Printmaking Layer by Layer 

Kala show demonstrates the fragmentary nature of this contemporary art form.

Printmaking can be a pretty archaic art form, but in the hands of this year's Kala Fellowship Competition winners, it's a truly experimental practice involving all kinds of new technology and materials. There's no unifying theme that runs through all the art on display, but the artists definitely do have things in common, most notably their interest in the fragmentary -- decontextualized bits and pieces of images and ideas, reassembled and re-presented in mysterious and enigmatic ways.

For nearly thirty years, the Kala Art Institute has provided professional facilities to artists working in all forms of printmaking, photography, book illustration, and most recently, digital media. The Kala Fellowship Competition is one of the Institute's core programs, and four of this year's eight winners are showing samples of their most recent work at the Kala gallery.

Of the four, Barbara Foster best embodies the new, experimental printmaker. She draws inspiration from contemporary politics and geography, and her work combines traditional and digital methods of image-making. She begins with large-scale digital photographs of Air Force test sites in the Nevada desert, then overlays them with woodcut images of high-tech weaponry. The finished works are a colorful and confusing morass of color and light. It's hard to distinguish between the different component images, but Foster doesn't apparently intend these pictures to refer to specific, recognizable places or things. Their overall effect is simultaneously strange and beautiful: ominous-looking machinery bathed in divine light.

Similarly beautiful and mysterious are Cecilia Mandrile's "Fragile Fragments," a series of jointed paper dolls. To create them, Mandrile scanned fragments of her own body, printed the images, cut them out, and sewed the pieces together. The dolls' faces and bodies look shadowy and enigmatic, mostly because Mandrile's scanning method obliterates a lot of details, creating a kind of smeared or washed-away effect. The dolls are definitely biomorphic, but they look more alien than humanoid, and they all have an indefinable air of sadness. For this show Mandrile contributed a few finished dolls plus photographs of the dolls arranged into various poses -- sometimes dancing, or holding something, or lurking pensively -- out and about on the streets of Berkeley.

Adrian van Allen's drawings and sculptures are the most enigmatic of all; in many cases it's even impossible to find the items on her materials lists in the finished works. According to her artist statement, she's exploring the "intersection of art, science, and technology," but it's difficult to know exactly what to make of her digital photographs of ram's heads, or her series of "Improbable Loves" drawings, each of which depicts a naked girl or woman in the company of a wild animal.

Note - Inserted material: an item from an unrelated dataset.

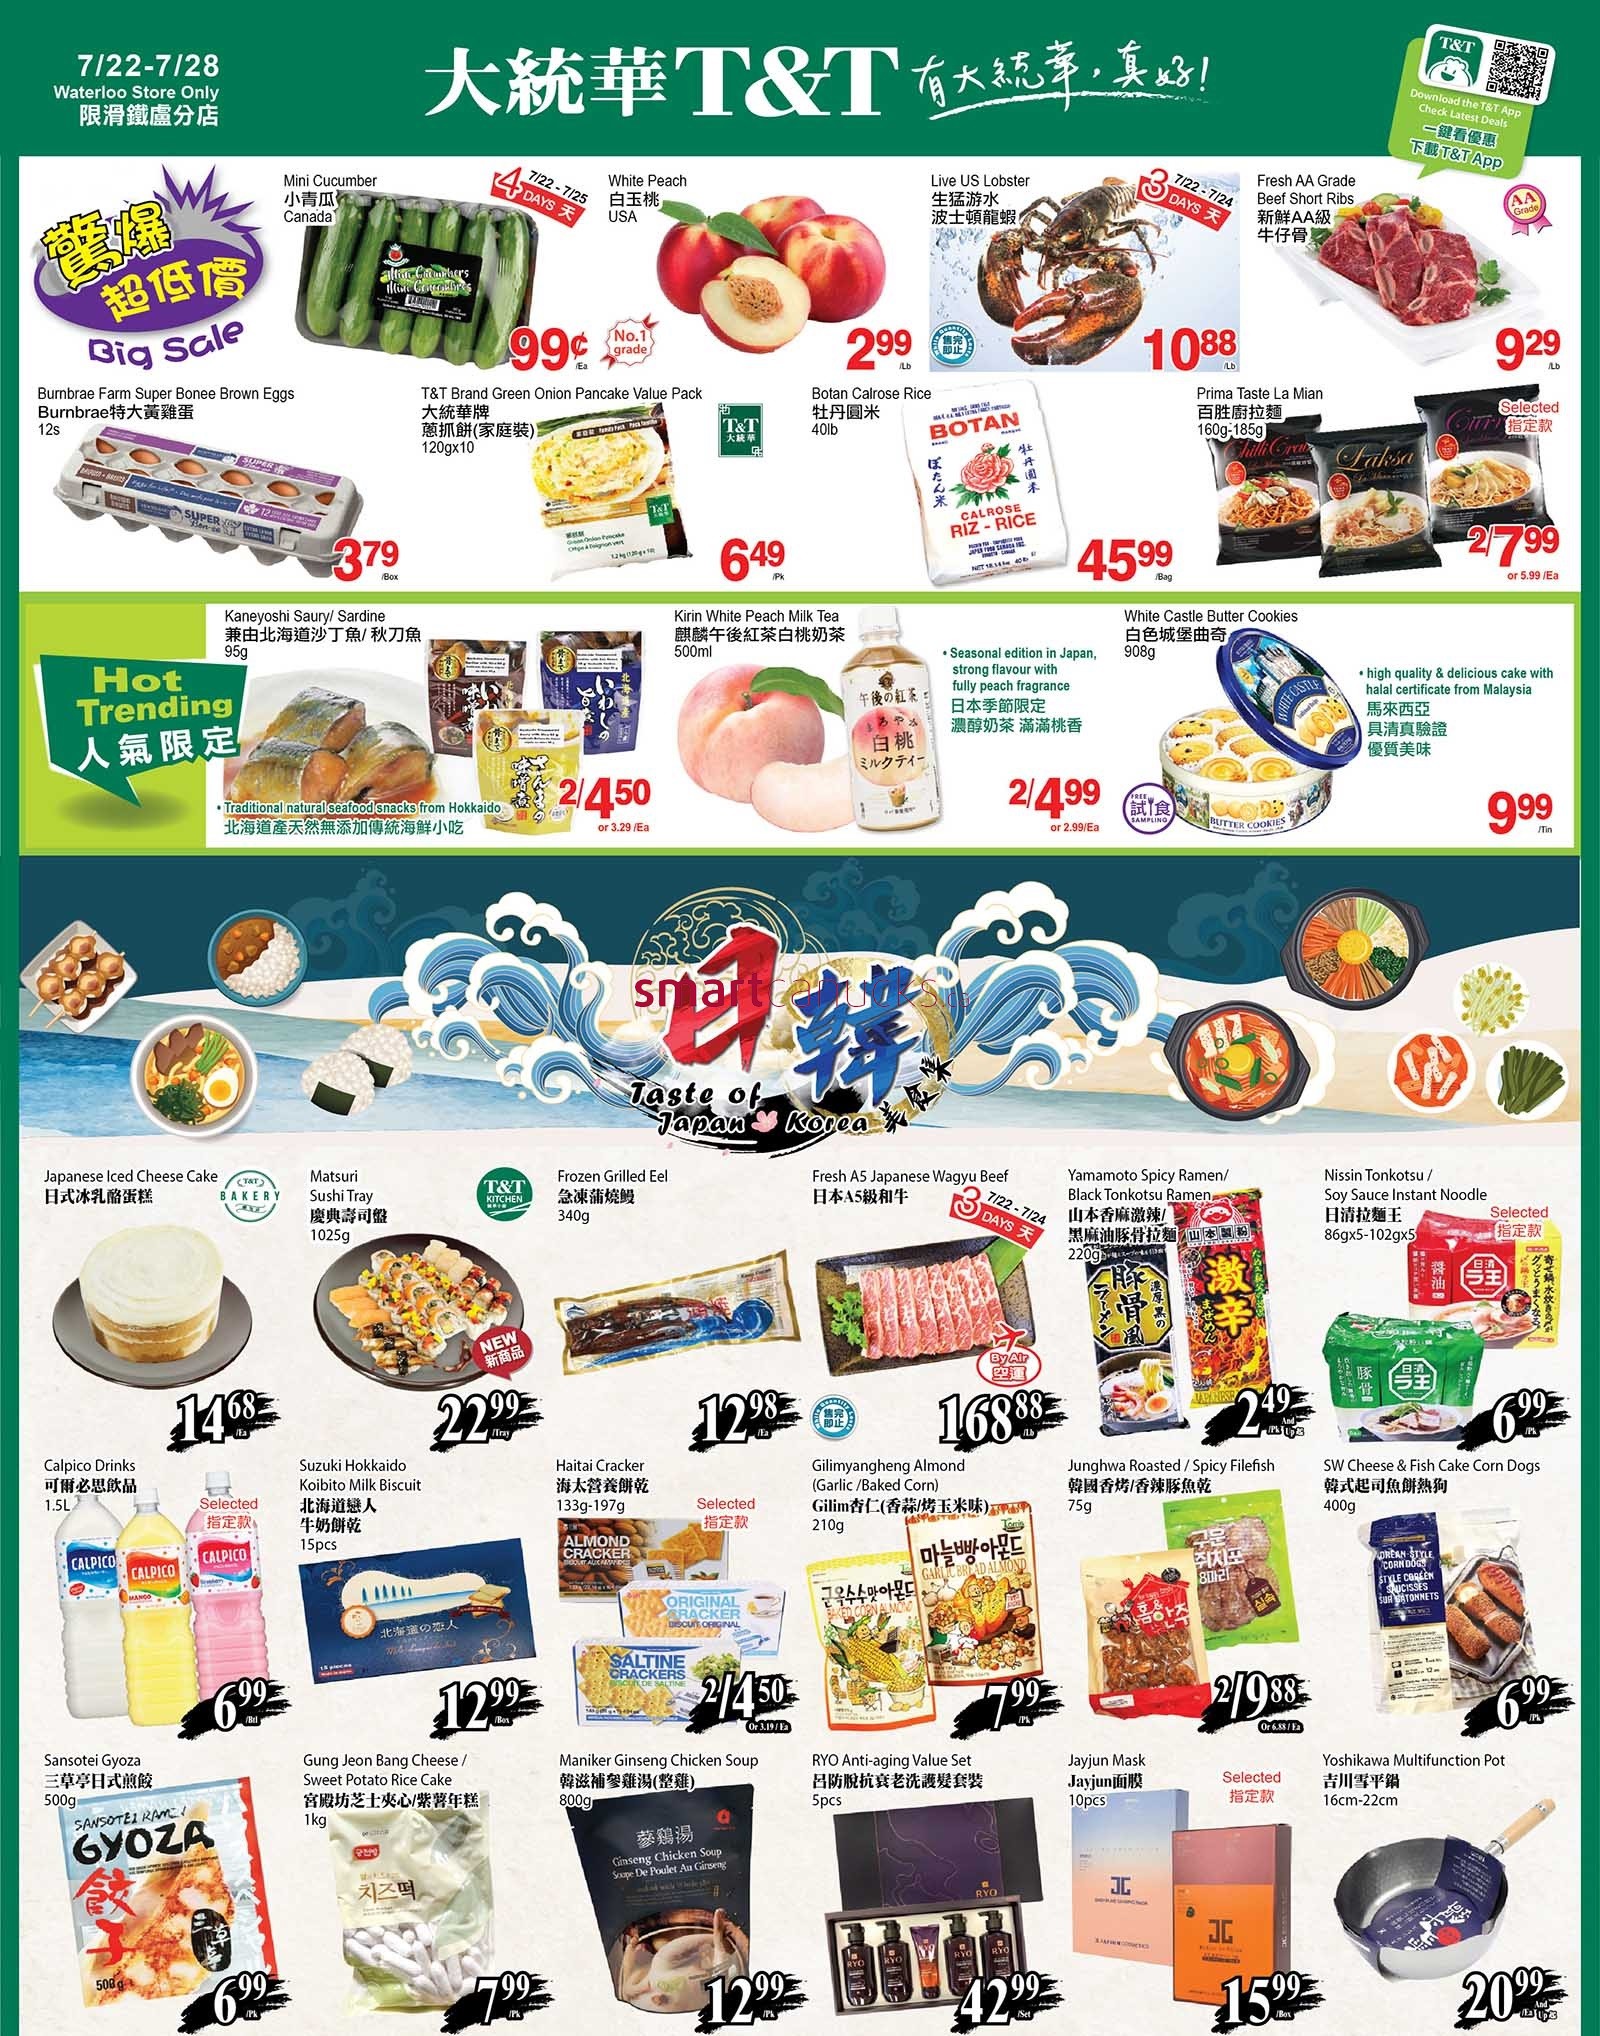 tt-supermarket-waterloo-flyer-july-22-to-28-1.jpg

Harry Clewens begins with woodblock prints of everyday objects that have interesting textures and patterns: carved wood, silverware, brick, straw, and stone. He then cuts and reassembles the prints into huge mosaic-collages that resolve, at a distance, into human forms, furniture, or even (in one case) a huge spore. Each finished work is incredibly intricate and almost pulsates with life; "Spore" resembles a giant, round, malevolent bacillus, and "Back View" looks like an anatomy-book diagram of a human with its skin peeled away to expose underlying strips of striated muscle. Compared to the working methods of the other three artists, Clewens' reliance on old-fashioned scissors-and-paste might seem quite rudimentary at first. But his art is, like all the other work in the show, highly complex and sophisticated in its own way.